Nancy Kissel: The Hong Kong Milkshake Murder
Every day a pale and gaunt Nancy Kissel appeared in court wearing the same outfit—a simple black dress and oval metal-rimmed glasses. Her dark, dead-straight hair hung loose below her shoulders. Constantly by her side was her mother, Jean McGlothlin, their fingers often interlaced in a tight grip.
By the end of July 2005, the prosecution had presented its case, portraying Nancy Kissel as a duplicitous, cheating wife who meticulously planned the murder of her husband so that she could run off with her lover. Though there were no eye witnesses to the crime, the circumstantial evidence presented was overwhelming. The same prescription drugs she had obtained from doctors for herself were found in her dead husband's body. Andrew Tanzer, the family friend, who shared the pink milkshake with the victim, testified to feeling nearly comatose and acting bizarrely after drinking Nancy's "secret recipe." Maintenance men at her apartment complex testified that she had ordered them to move the rug containing Robert Kissel's body to a storage bin. Bloody clothes and linens found in the storage compartment and in the apartment indicated that the victim withstood a brutal beating from a heavy blunt object, and that the beating had happened on the couple's bed. The prosecution claimed that the murder weapon was a "heavy figurine" that the Kissels had kept in their kitchen.
Nancy Kissel could have pleaded insanity in the murder of her husband, but that would have guaranteed her indefinite incarceration in a psychiatric facility. Instead she and her barrister chose another gambit, diminished responsibility. The legal system in Hong Kong, which is based on the British system, allows defendants to plead guilty to a crime committed under extraordinary circumstances that reduce the defendant's culpability. Nancy Kissel would get on the stand and describe the hell that her marriage had become. She would tell the court that behind closed doors her husband was a monster, and that he drove her to commit murder. But it was a risky move on the defense's part. By entering a plea of diminished responsibility, the burden of proof shifts from the prosecution to the defense. The prosecution would only have to poke holes in her version of events to win the case.

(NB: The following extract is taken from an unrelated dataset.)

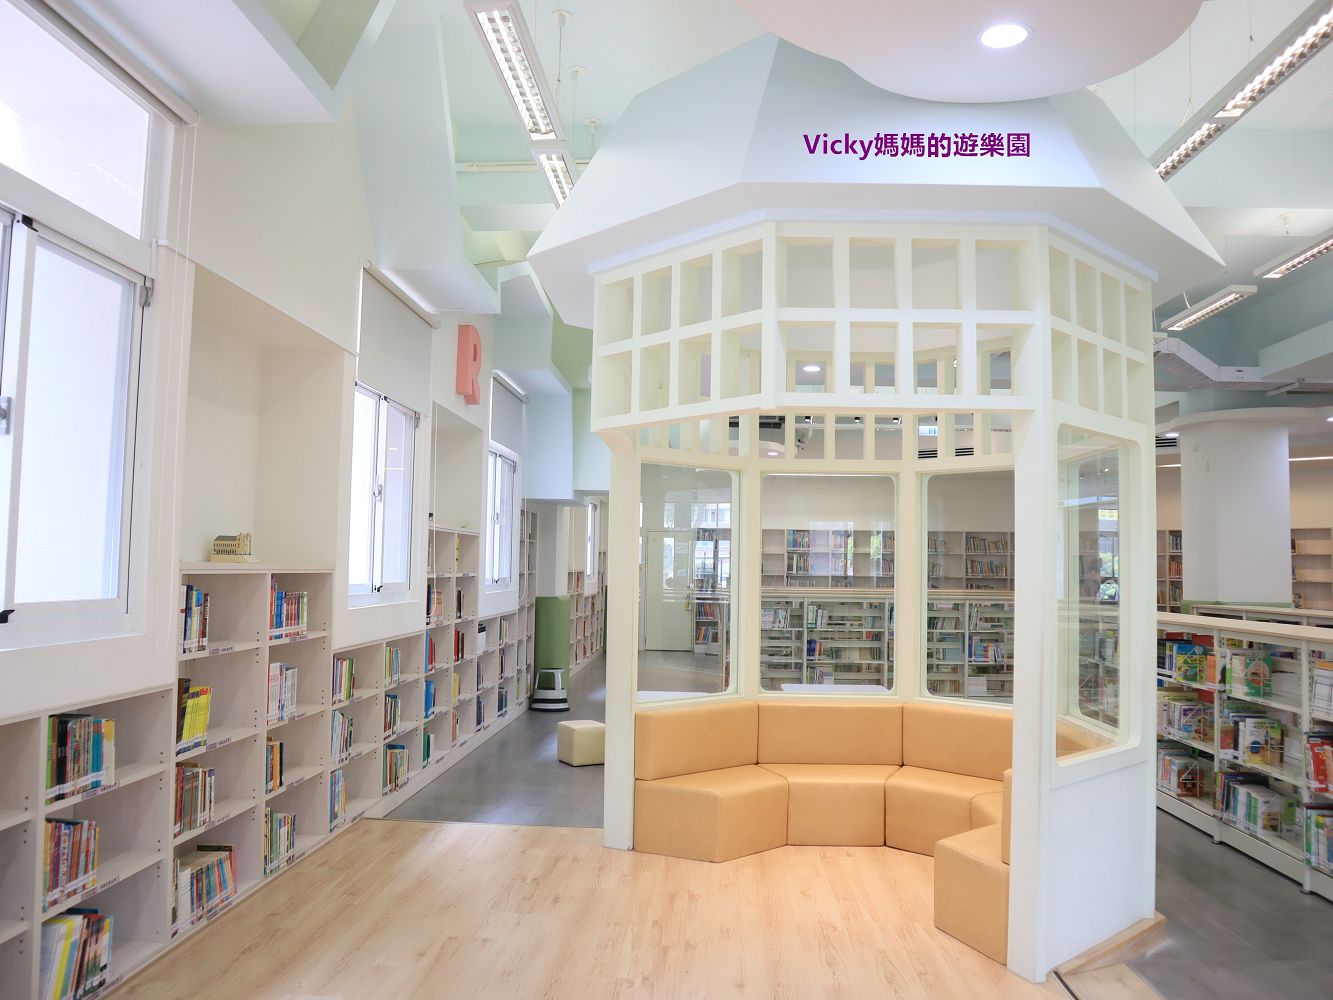 特色圖書館︱高雄市立圖書館旗山分館：走進浩瀚的書山中，層層堆疊的是知識的寶庫

On August 1, 2005, Nancy Kissel took the stand and presented a very different portrait of her husband. To the expat community, Robert Kissel was successful, respected, and admired by his colleagues and friends. But to his wife, he was a cocaine addict and a brutal control freak who beat her regularly and forced her to have rough anal and oral sex nearly every night.
According to Nancy, her husband's use of cocaine started when he was studying for his MBA in New York and she was working three waitressing jobs to support them. They would argue about it, and she would vehemently protest that he was wasting her hard earned money on drugs. He eventually got his degree, and their marriage persevered.
Serious trouble started, she testified, after the birth of her first child. She had gained weight and her body had changed. Robert no longer found her attractive. He hounded her to lose weight. According to Nancy, his sexual preference had turned toward anal sex. She believed that he didn't want to see her face anymore. He was rough with her in bed, pulling her hair to get her to do what he wanted. These assaults became more and more frequent. With tears in her eyes, Nancy Kissel told the court that she soon learned to accept his unwanted penetration because when she resisted, the result would be anal bleeding. On one occasion, he was so aggressive she heard something "pop" in her torso. After going to the hospital, she learned that he had broken one of her ribs.
She claimed that his high-pressure job and the transfer to Hong Kong triggered his worst impulses. In 1999 when she was five months pregnant with her youngest child, Robert had a fit when he realized that her due date coincided with an important business trip to Korea. He had planned on her accompanying him, so he asked her to have her doctor induce labor early so that she could go with him. She refused, and he threw a tantrum, pounding the walls with his fists and threatening to hit her. Two months later he brought up the issue again. She stood her ground and refused to even consider it, and this time he did hit her.
The SARS epidemic came as a blessing for her and got her away from her husband's physical tyranny, though he continued to keep close tabs on her spending. While staying at their Vermont vacation home, she met Michael Del Priore and found someone she could talk to. They enjoyed each other's company and became lovers, but at no time, she testified, did she ever consider leaving her marriage. Her life was in Hong Kong, she said, with her husband and children.